As vapour 50 travels from part 30 towards protective window 16 it becomes ionised due to electrons 52 from a high voltage arc passing between the pair of electrodes 33 interacting with vapour 50 to produce ionised vapour 54. Ionised vapour 54 is then deflectable under the influence of electrostatic deflection plates 34, 34′ towards chamber sidewalls 60, see arrow 56, where the vapour can be deposited without impairing visibility through window 16. Ionisation electrodes 33 and deflection plates 34, 34′ are positioned within chamber 12 such that ionised vapour 54 cannot recombine with other particles and so lose its charge before deflection has taken place.

FIG. 2 is an alternative embodiment where one or more deflector magnets 70 are used instead of electrostatic deflection plates 34, 34′with ionised vapour 54 again deflected away from window 16 with the intensity of the magnetic fields sufficient to deflect the ionised vapour to hit the wall of chamber 12 or a collector instead of reaching window 16. The deflector magnets 70 typically generate a magnetic field greater than 0.5 Tesla. Providing a separate ionisation stage and deflection stage internally within chamber 12 avoids the need for a gas to be fed into a vacuum chamber to protect window 16. Any weld vapour travelling towards protective window 16 becomes ionised vapour and then is trapped or deflected using magnets 70 and/or electrostatic deflectors 34, 34′.

A third embodiment shown in FIG. 3 uses an RF cavity 72 with associated RF amplifier 73 where electrons 52 from rod electrode 74, or alternatively electrons from source of electron emission such as a heated filament, are circulated within the RF cavity to ionise any vapour emitted from the weld. Magnets 70 are used to deflect the ionised vapour 54 to impinge on the walls of chambers 12 or into a collector.
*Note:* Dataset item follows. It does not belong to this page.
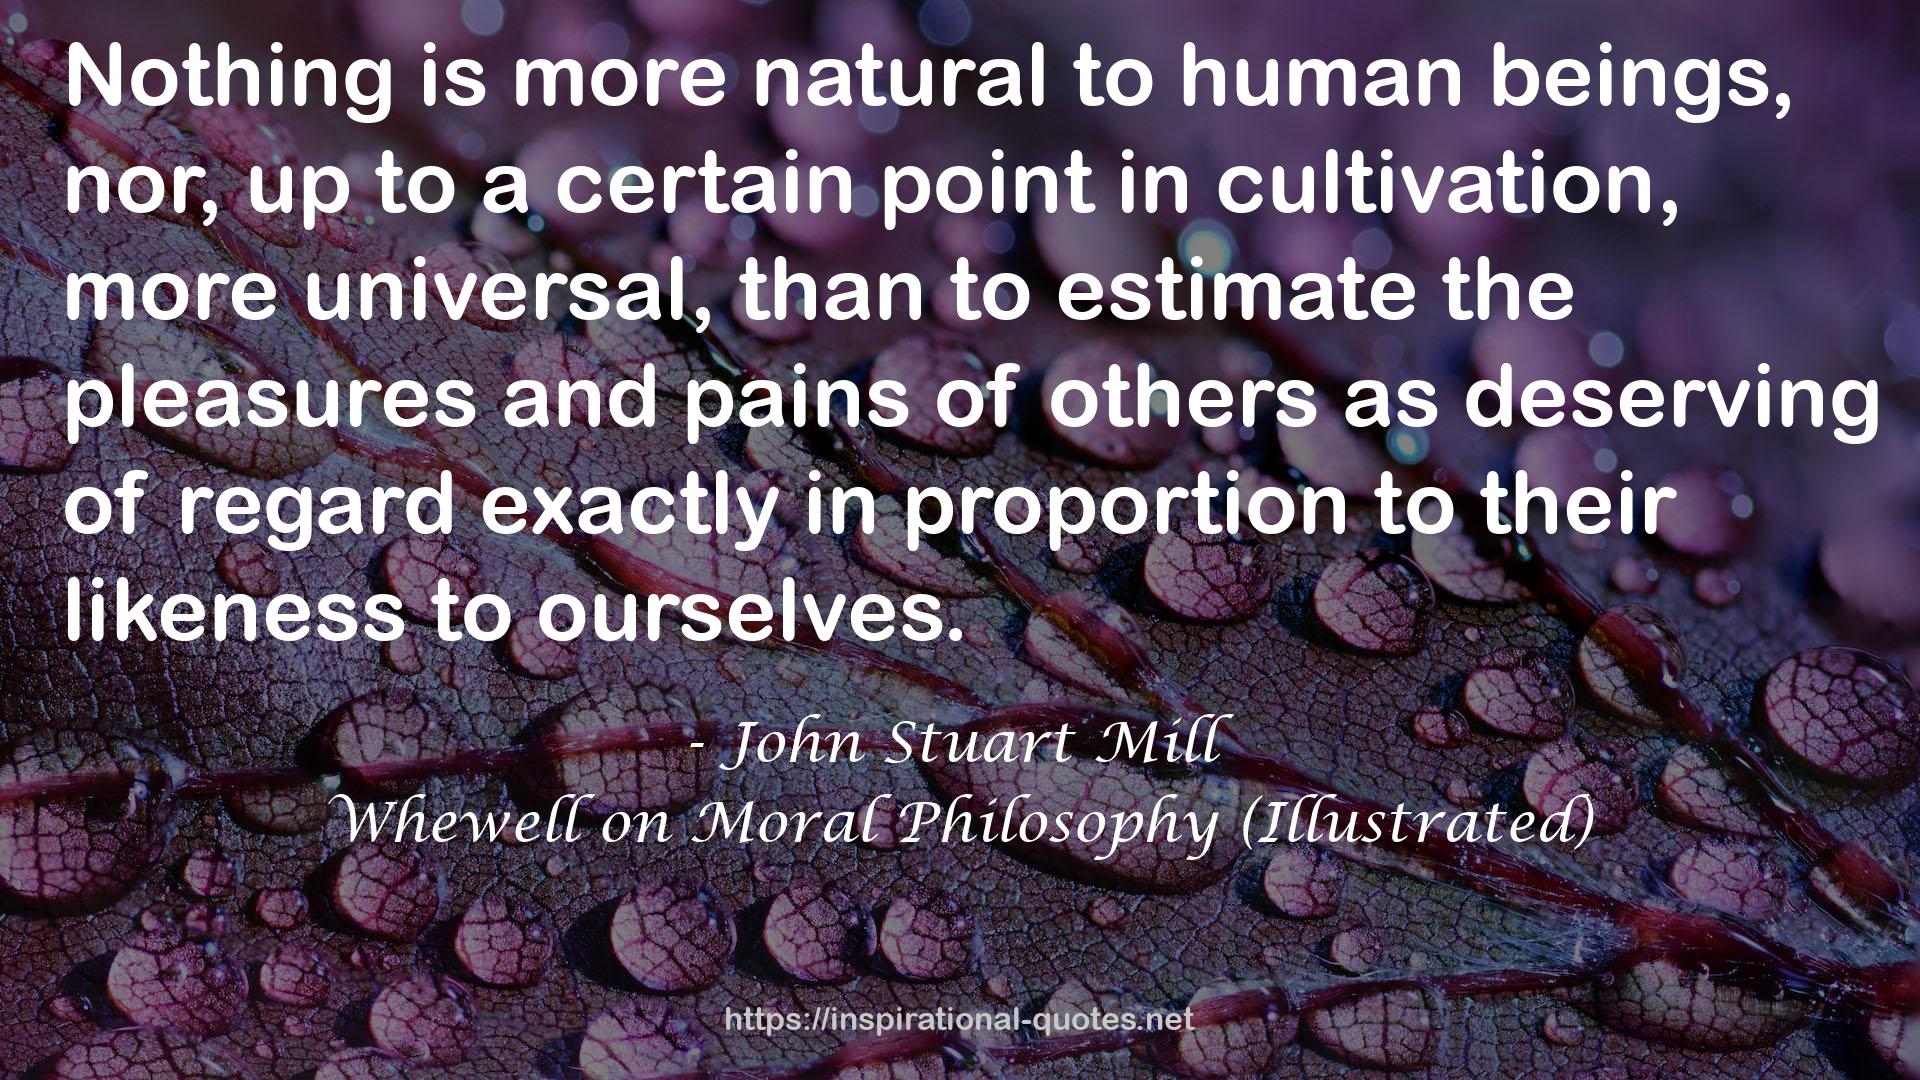 Whewell on Moral Philosophy (Illustrated) QUOTES

The ionisation stage can consist of one of or a combination of the following configurations:

• • 1. A high voltage arc that can be discharged across the path between the weld keyhole 32 and protective window 16 as shown in FIG. 1. Such an arc can be generated by an electrode arrangement 33 and/or a filament held at high voltage and heated to the point of thermionic electron emission.
  • 2. A high voltage arc that is discharged from an electrode to part 30 being welded. This discharge electrode can be a rod 74 as shown in FIG. 3 or a ring-type electrode. This arc will take the path of least resistance into the keyhole of the weld and the power of the arc can be sufficient to be used for hybrid laser-arc welding if required. Again a filament held at high voltage and so heated to the point of thermionic electron emission can be used instead of or as well as such an electrode.
  • 3. A microwave or radio cavity 72 to assist with the ionisation of vapour 50, as shown in the third embodiment shown in FIG. 3.
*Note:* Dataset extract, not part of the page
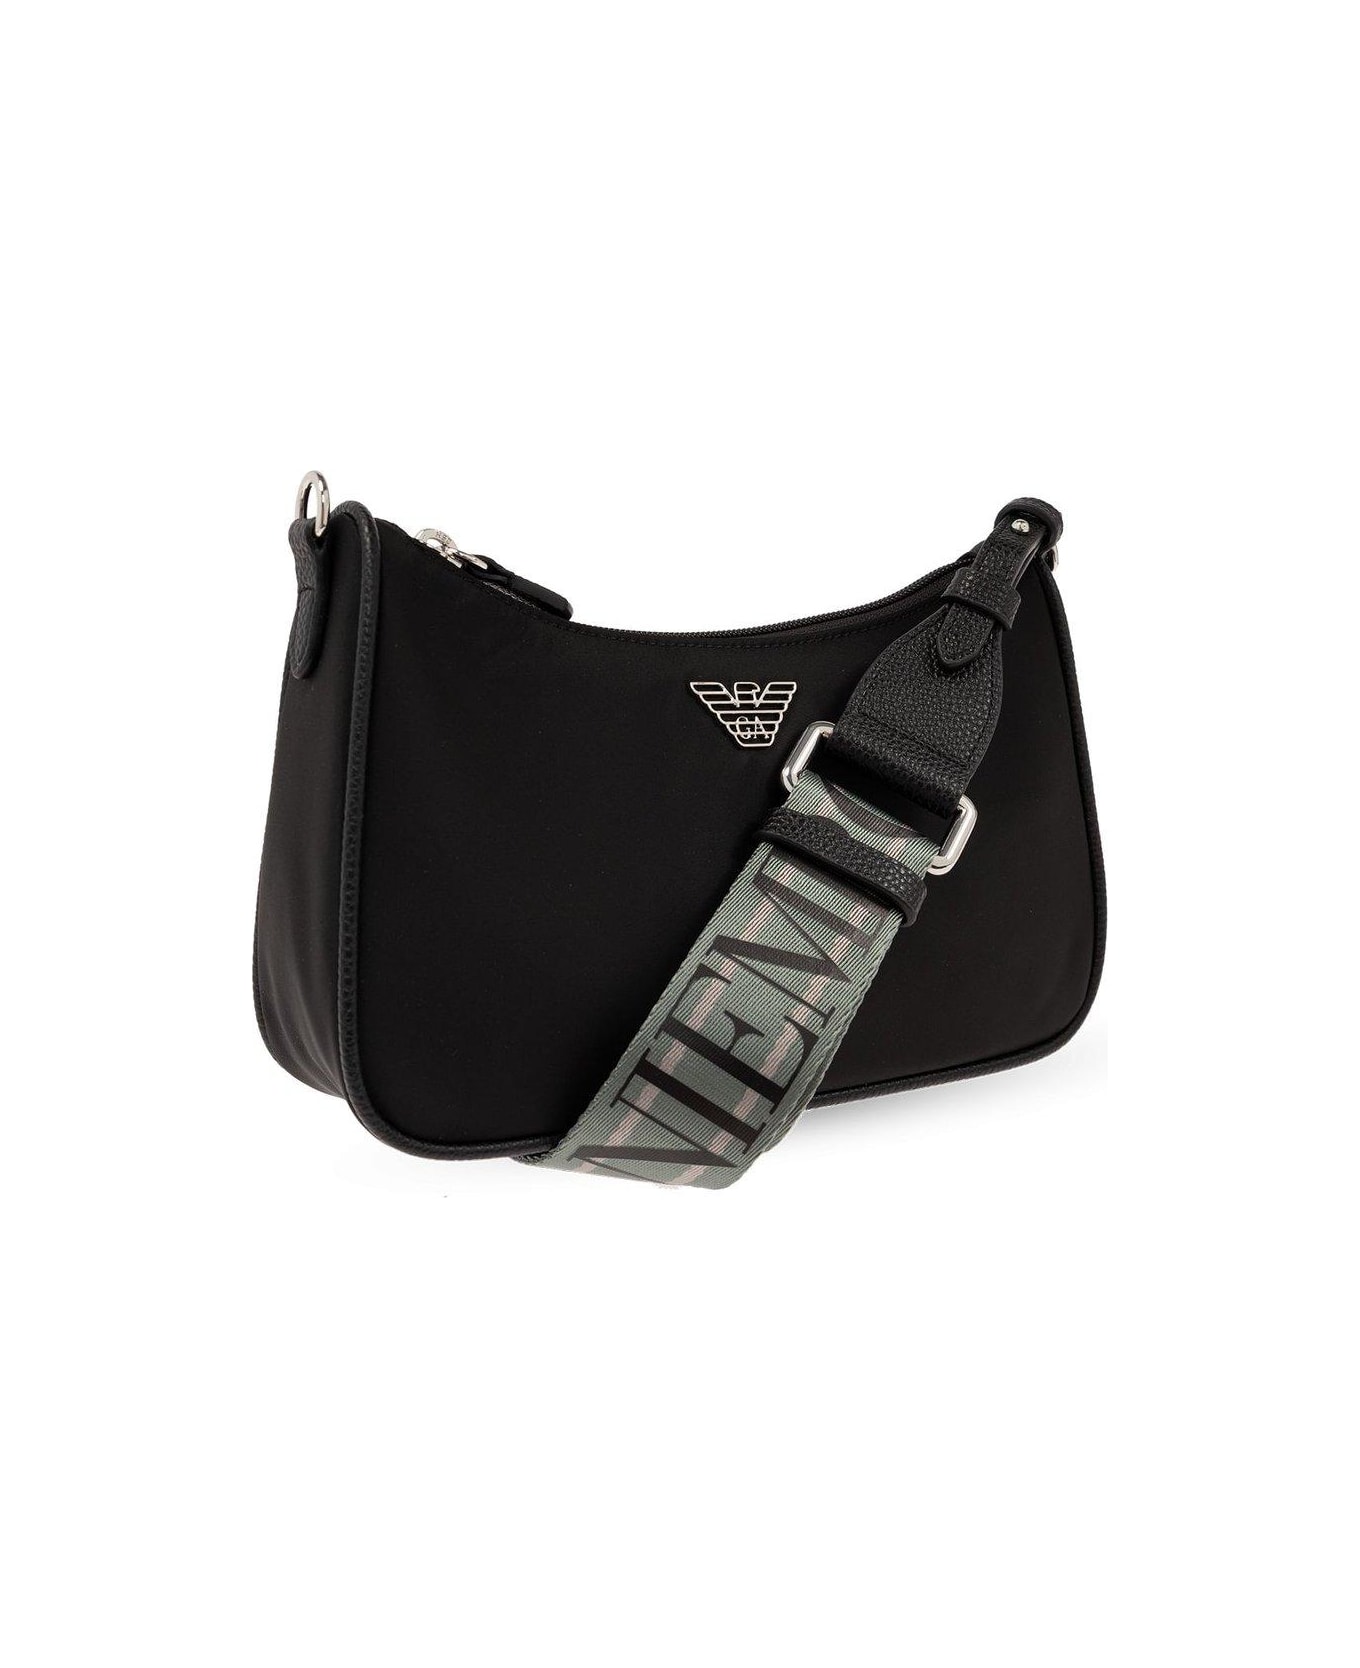 Emporio Armani Sustainable Collection Shoulder Bag - Black トートバッグ

As shown in FIGS. 1 to 5, additional ring magnets 40 can be placed in the ionisation stage to assist in intensifying the ionisation to ensure all weld vapour is ionised.

The deflection stage for the ionised vapour can consist of one of or a combination of the following configurations:

• • 1. One or multiple plates 34 held at a high positive voltage proximal to the protective window to deflect vapour away from the plates 34, see FIG. 1.
  • 2. One or multiple plates 34′ held at a high negative voltage proximal to protective window 16 to attract the ionised vapour towards the plates 34′, these can be arranged to create slotted or gridded collectors, see FIG. 1.
  • 3. An electromagnet or permanent magnet 70 placed adjacent or surrounding the vapour path with the field lines orientated such that the ionised vapour interacts and is deflected away from protective window 16, see FIGS. 2 and 3.
  • 4. The protective window electrically isolated from the chamber held at high positive voltage to deflect vapour away from the window, as shown in FIGS. 1 to 3.